Thanks for your submission to the Software Bazaar! As described by our open source statement, do you have the source code for your project available? Thank you!

david-lazarus commented 7 years ago

source code - never specifically discussed with Johan before but I’m sure he’d be happy to share e.g. the website code with anyone who is interested- they just should ask him. He writes the code assuming his own understanding so it might be a bit cryptic to others. The database definition is summarized in our poster but we can also share that. We already give direct read-only access to the database to anyone who wants it - they can thus see and copy the ddl should they be interested. Johan has put some other projects on github so maybe he can do that too with the database code. But at the moment he is in France (defending democracy in the elections there) so we’ll have to take it up with him later, e.g. July.

cheers dave

David Lazarus david.lazarus@mfn-berlin.de Museum für Naturkunde Invalidenstrasse 43 10115 Berlin

daisieh commented 7 years ago

Hi David,

Unfortunately, we can't accept entries into the Software Bazaar that don't adhere to our open source statement, but if you're interested, we'd love to hear about your work in a Lightning Talk instead. We strongly encourage you to encourage Johan to develop and release his code publicly on Github or similar in the future as well!

Thanks, Daisie (on behalf of the organizing committee)

david-lazarus commented 7 years ago

Hi,

Software Bazaar vs Lightning Talk - what precisely is the difference, other than a few minutes reserved talk time? I assume I am allowed to show the database and discuss it freely regardless?

cheers, dave

daisieh commented 7 years ago

There is no interactive demo associated with the lightning talk, you'd just present a short talk about your database. You could do a brief demo as part of the talk, but it'd be hard to squeeze that in in 5 minutes.

david-lazarus commented 7 years ago

Hi Daisy,

Well, there is already a poster on the database at the main meeting, and a re-check of the iEvoBio schedule seems not to offer alternatives to the suggested (IMHO, for our purposes limited) lightning talk. Thus I’ve decided to skip the iEvoBio session.

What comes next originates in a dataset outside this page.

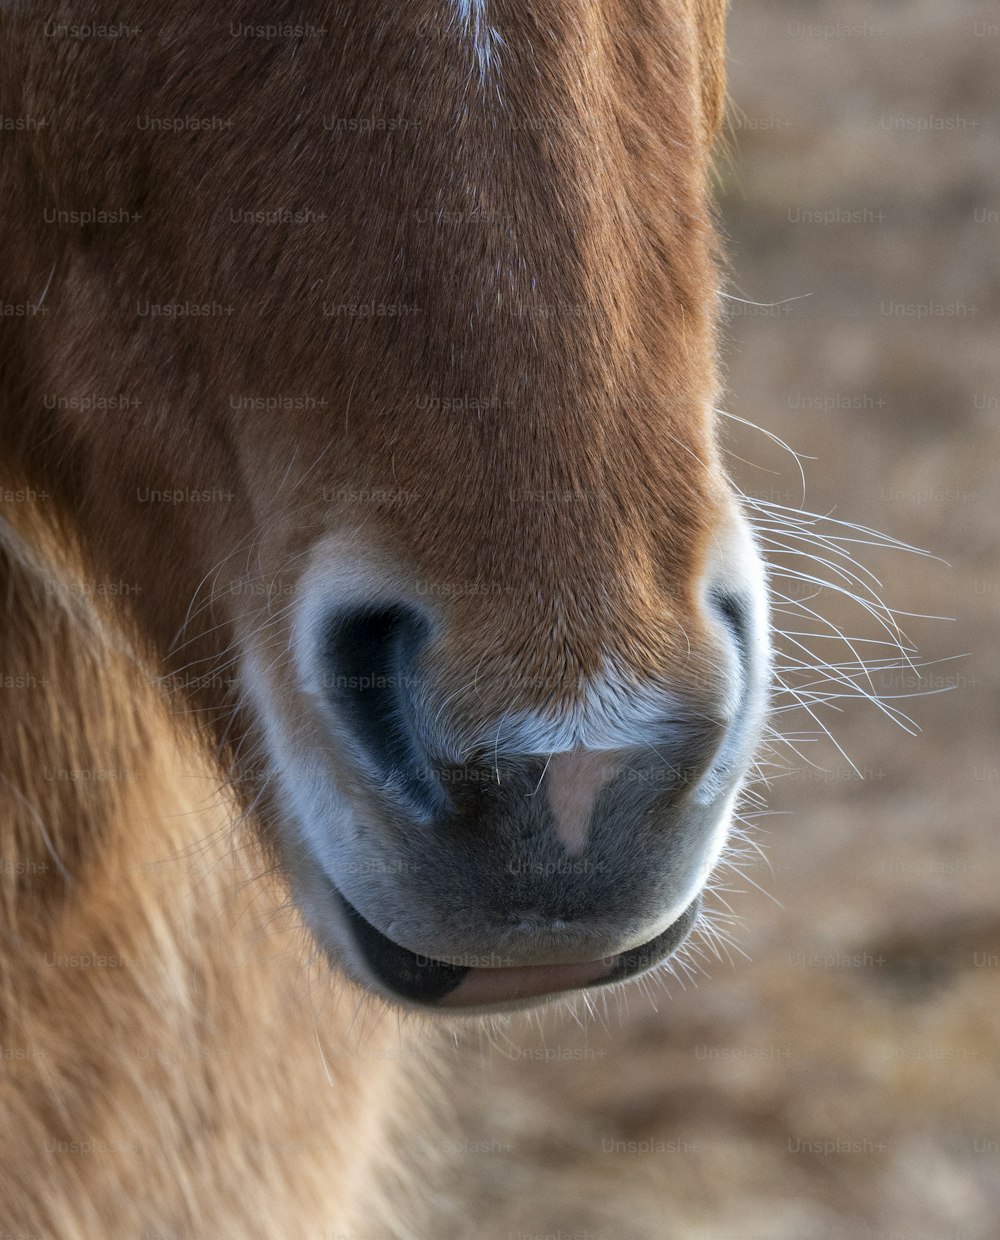 Un primer plano de la cara de un caballo con un fondo borroso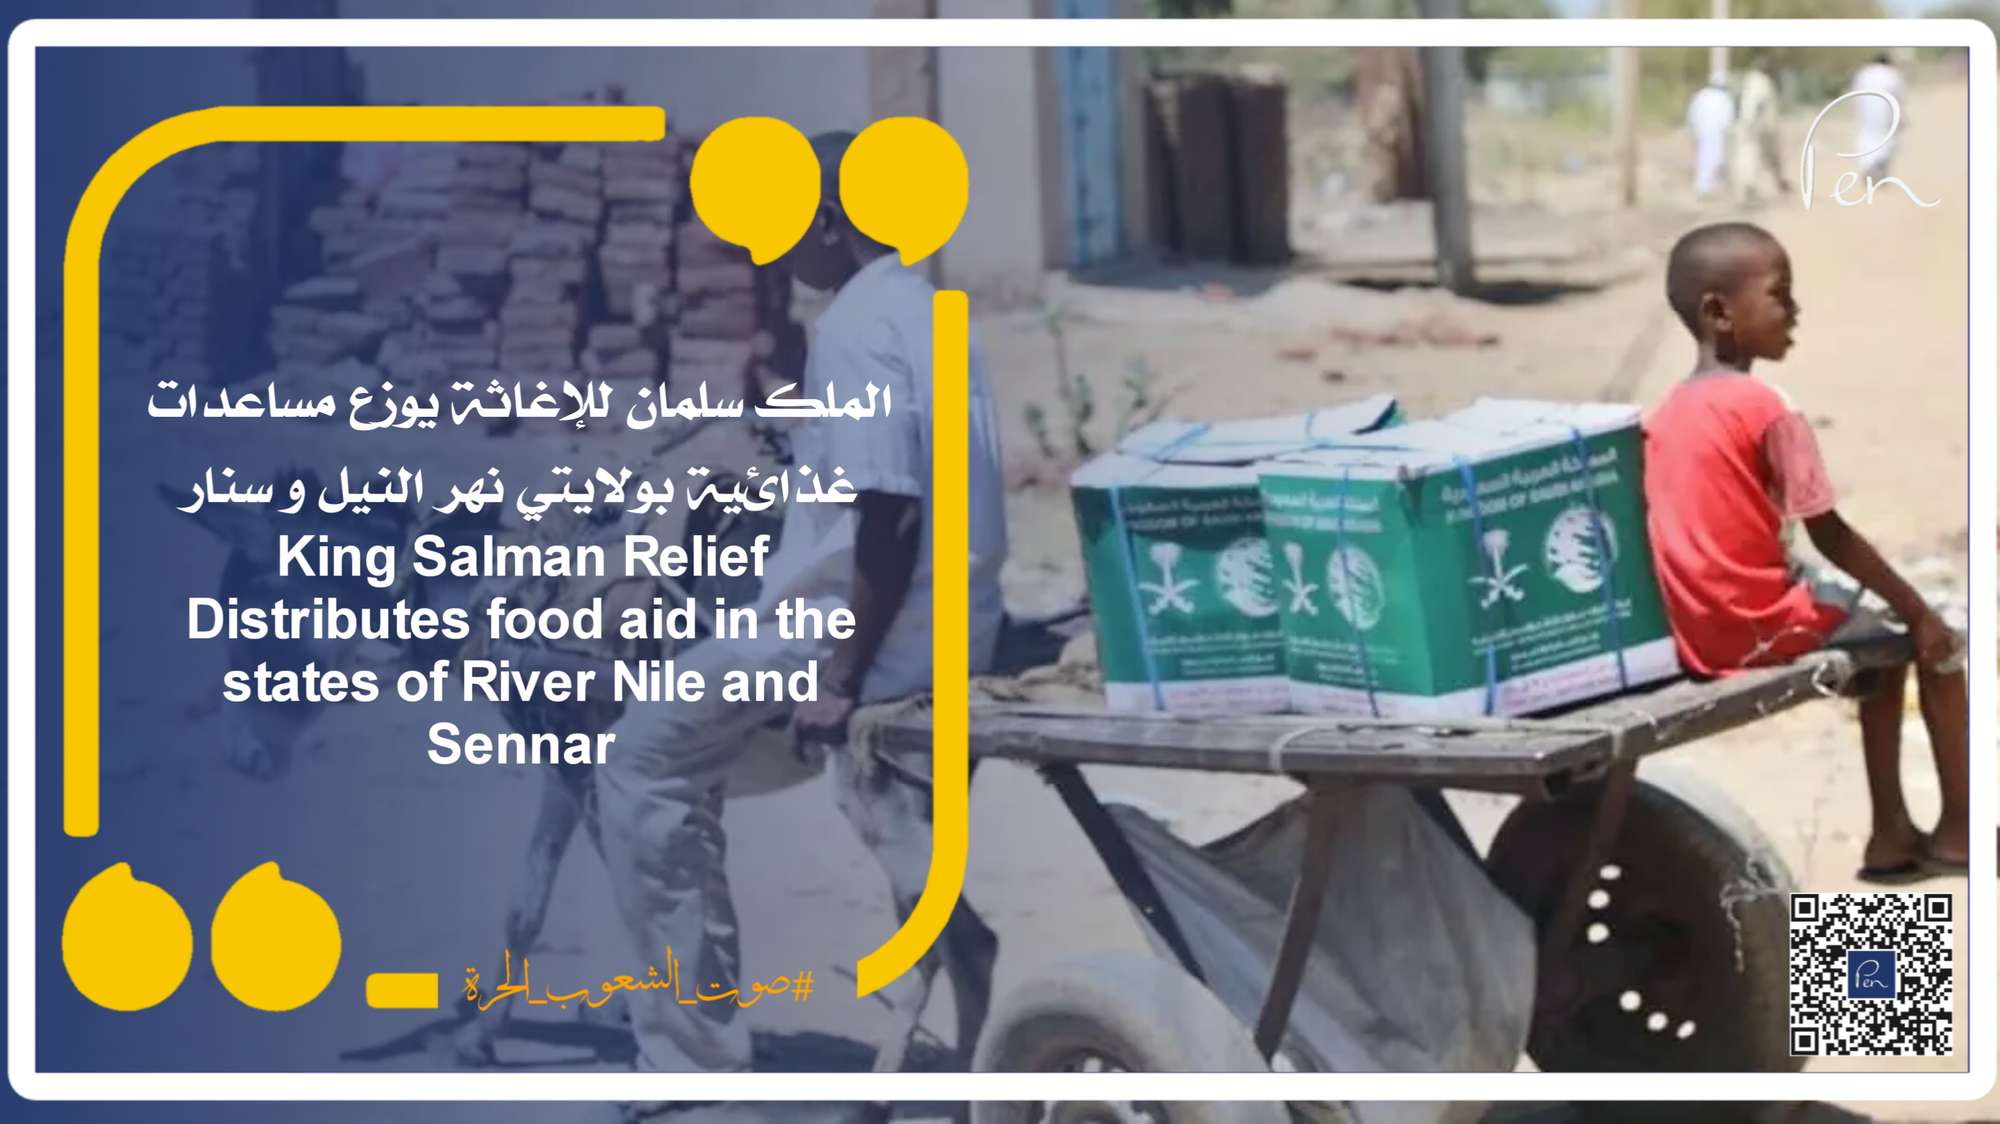 الملك سلمان للإغاثة يوزع مساعدات غذائية بولايتي نهر النيل و سنار

I had thought the main point of the meeting was simply informal exchange of information at various levels about evolution software and was open to people working in different areas of science, and in different ways. There are in fact - perhaps not in your neck of the woods but elsewhere in science - large bodies of important software that are either, like ours, mostly informally shared, but not posted somewhere; or restricted in some way (most large science organisations SFAIK do not post all the code behind their public websites); up to and including closed commercial software which is often the only way to fund the programmer(s) so the software remains available to the community. There are many valid models that are used to support science software development. Yours is the first time in my 30+ year involvement with science software that pre-posted code has been a requirement for a meeting. Perhaps you should consider in the future being more open to these alternate ways of working - you’ll communicate with more people that way (and be putting the support of software development at the top of the priority list).

Good luck with your meeting tho.

Regards,

Dave Lazarus

k8hertweck commented 7 years ago

Thanks for sharing your concerns. We acknowledge that there are other ways software is developed and supported, but iEvoBio has been committed to open source since its inception, and we'll endeavor to be as clear about them as possible.